Ella le lanzó una mirada de compasión:
—Si no fueras tan niño, como lo has sido siempre, Adalberto, se podría conversar contigo. Eso mismo es lo que comienza a parecerme peligroso ¿ves? ¿Crees, entonces, que ella no tiene sus motivos para ir a pavonearse todos los días en la granja y darse tonos de ama delante de él y de los sirvientes? ¡Oh! ¡Es muy lista, mi sobrina Olga! ¡Ya habrá hecho todo lo que depende de ella para acostumbrarlo a la idea de que a ella —sólo a ella— le toca de derecho el lugar de la muerta! Si no es eso ¿qué tendría que ir a hacer todos los días a la granja?
—Creo que el hijo de Marta justifica suficientemente su conducta.
—¡Naturalmente! ¡Naturalmente! ¡Cuántas cosas te hacen creer con cuentos de nodriza! Ella sabe bien por qué lo hace y por qué ama a ese pobre niño hasta comérselo a caricias: ¡conoce el camino que lleva al corazón del padre!
—Pero tal vez no lo quiere —insinuó el viejo Hellinger.
Ella soltó la risa.
—¡Mi querido Adalberto! Cuando un hombre posee una propiedad a las puertas de la ciudad, una muchacha pobre lo quiere siempre, y, si yo no pongo fin a todos estos manejos mostrándole la puerta, podría muy bien suceder que un día Roberto la tomara por la mano y nos dijera: «Ahora, papá y mamá, tengan ustedes la bondad de darnos su bendición.» Pero, antes que ver una cosa semejante, Adalberto…
En el mismo instante, un gran ruido de pasos resonó en el vestíbulo; y casi en seguida golpearon con fuerza a la puerta.
—¡Toma! —dijo la señora Hellinger—. He ahí uno que hace tanto estruendo como un alguacil. ¡Todavía no estamos en ese estado, sin embargo!
Y con mucha suavidad, y mucha tranquilidad, dijo: «¡Adelante!»
El viejo médico penetró en la habitación. Tenía el sombrero echado hacia atrás, la bufanda le colgaba de los hombros, y su pecho jadeaba como después de una carrera desenfrenada. Se olvidó de dar los buenos días y no hizo más que lanzar en torno suyo una mirada hosca e investigadora.
—¡En nombre del Cielo, doctor! —le gritó el señor Hellinger precipitándose a su encuentro—. ¡Nos embistes como un toro!
La señora Hellinger, al contrario, asumió su aspecto áspero y refunfuñó algo como: «modales de fumadero.»
Cuando el doctor vio la tranquila mesa del desayuno y a sus amigos que, con la cara de todos los días, lo miraban con estupor, se dejó caer en una silla con un suspiro de alivio. ¡Así, pues, la terrible cosa no se había realizado! Pero, un instante después, la ansiedad volvió a apoderarse de él.

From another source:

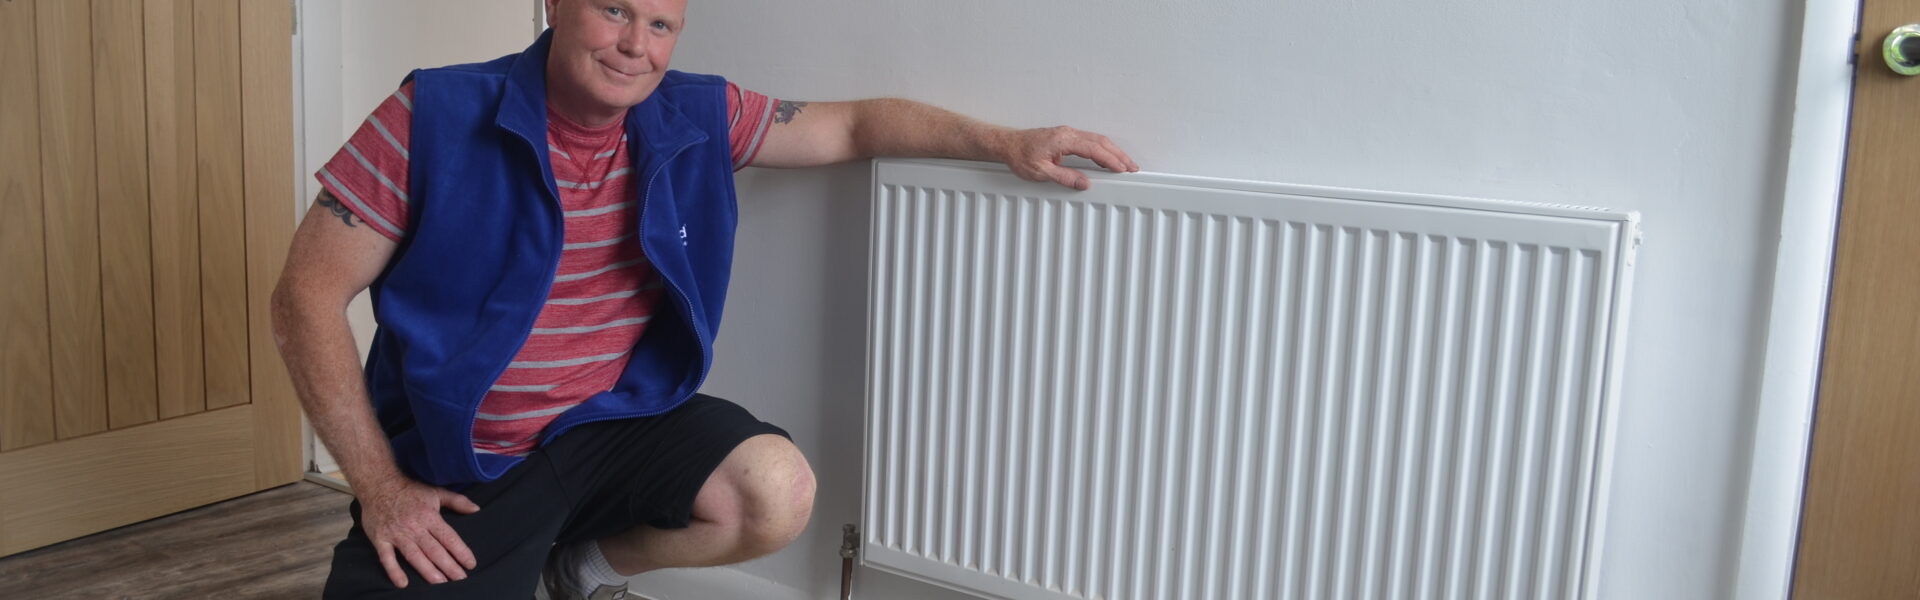 man with radiator

—¿Dónde está Olga? —tartamudeó alzando los ojos hacia la puerta, como si fuera a verla entrar en ese instante.
—¿Olga? —dijo la señora Hellinger encogiéndose de hombros—. ¡Qué sé yo! Sin duda va a venir de un momento a otro; ¿es por algo urgente?
—¡Alabado sea Dios! —exclamó el doctor juntando las manos—. ¡De modo que ya ha bajado!
—No, eso no —dijo la señora Hellinger—. La señora Duquesa se ha dignado dormir hoy un poco más.